Parkinson's disease-like neuromuscular defects occur in prenyl diphosphate synthase subunit 2 (Pdss2) mutant mice
Highlights
► Pdss2 deficient mice exhibit severe neuromuscular defects as demonstrated by behavioral testing. ► Marked reduction in TH-positive cells in the substantia nigra reflects neuromuscular impairment. ► Probucol prevented kidney disease, but not neuromuscular phenotypes, in Pdss2 missense mutants.
Introduction
Parkinson's disease (PD) is the second most common neurodegenerative disease, affecting 1% of the population above the age of 65. The characteristic pathology involves degeneration of dopaminergic neurons in the substantia nigra pars compacta and the appearance of intracytoplasmic inclusions known as Lewy bodies (Beal, 2001). The specific etiology of PD is unknown, although both genetic and environmental factors that influence this disease have been identified.

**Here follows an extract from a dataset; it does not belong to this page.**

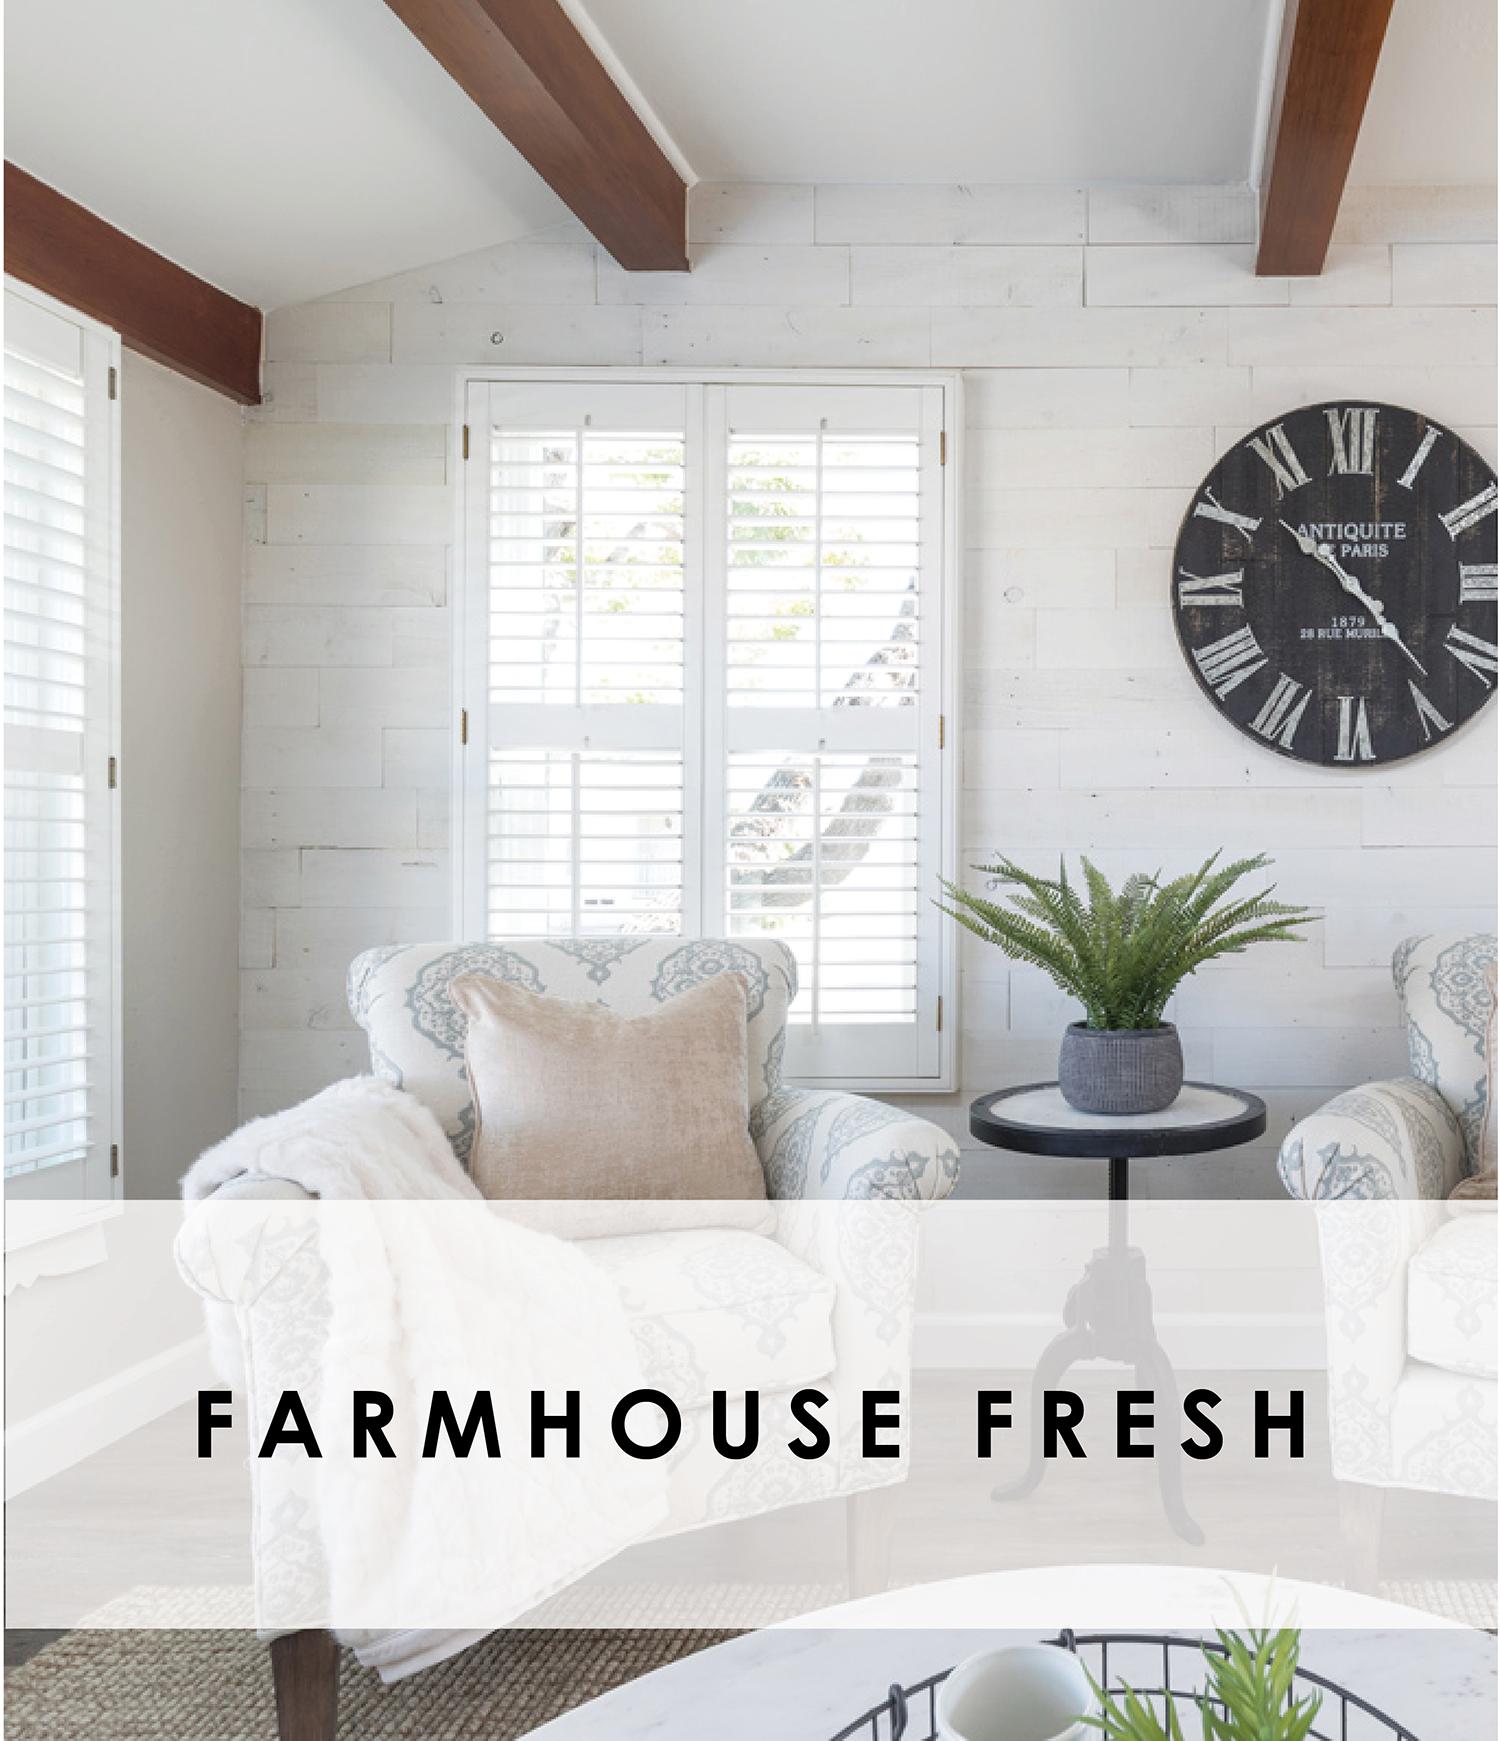 Farmhouse Fresh.jpg

Genetic forms of PD can be caused by mutations in SCNA (PARK1), which encodes alpha-synuclein, a key component of Lewy bodies; PARK2, which encodes parkin, a ubiquitin E3 ligase; PINK1 (PARK6), which encodes a serine-threonine kinase; DJ-1 (PARK7), an oxidative stress sensor; or leucine-rich repeat kinase 2 (LRRK2, PARK8), which encodes a serine-threonine kinase (Henchcliffe and Beal, 2008).
A number of animal models of PD have been developed that either involve mutations at candidate gene loci or injection of neurotoxins such as 1-methyl-4-phenyl-1,2,3,6-tetrahydropyridine (MPTP), 6-hydroxydopamine (6-OHDA), or rotenone (Abeliovich et al., 2000, Betarbet et al., 2000, Bloem et al., 1990, Goldberg et al., 2003, Sauer and Oertel, 1994). While each of these models has made a significant contribution to our understanding of PD, the complexity of the disease suggests multiple levels of pathogenesis. Among the many etiologies of PD that have been proposed, one common pathogenic factor is mitochondrial dysfunction (Henchcliffe and Beal, 2008). Reduced coenzyme Q (CoQ) levels have been observed in platelets of PD patients (Beal, 2001, Shults et al., 1997), and some studies have shown that patients with PD may benefit from CoQ10 supplementation (Beal, 2003). CoQ10 supplementation has also been shown to protect against MPTP-induced damage in aged mice (Beal, 2001). CoQ is an essential co-factor that shuttles electrons between complexes I or II and complex III in the electron transport chain, and also functions as a potent antioxidant in mitochondria. An NIH-sponsored Phase 3 clinical research trial is in progress to test the effectiveness of CoQ10 in slowing the progression of Parkinson's disease (http://www.pdtrials.org/en/browse/all/1/view/238).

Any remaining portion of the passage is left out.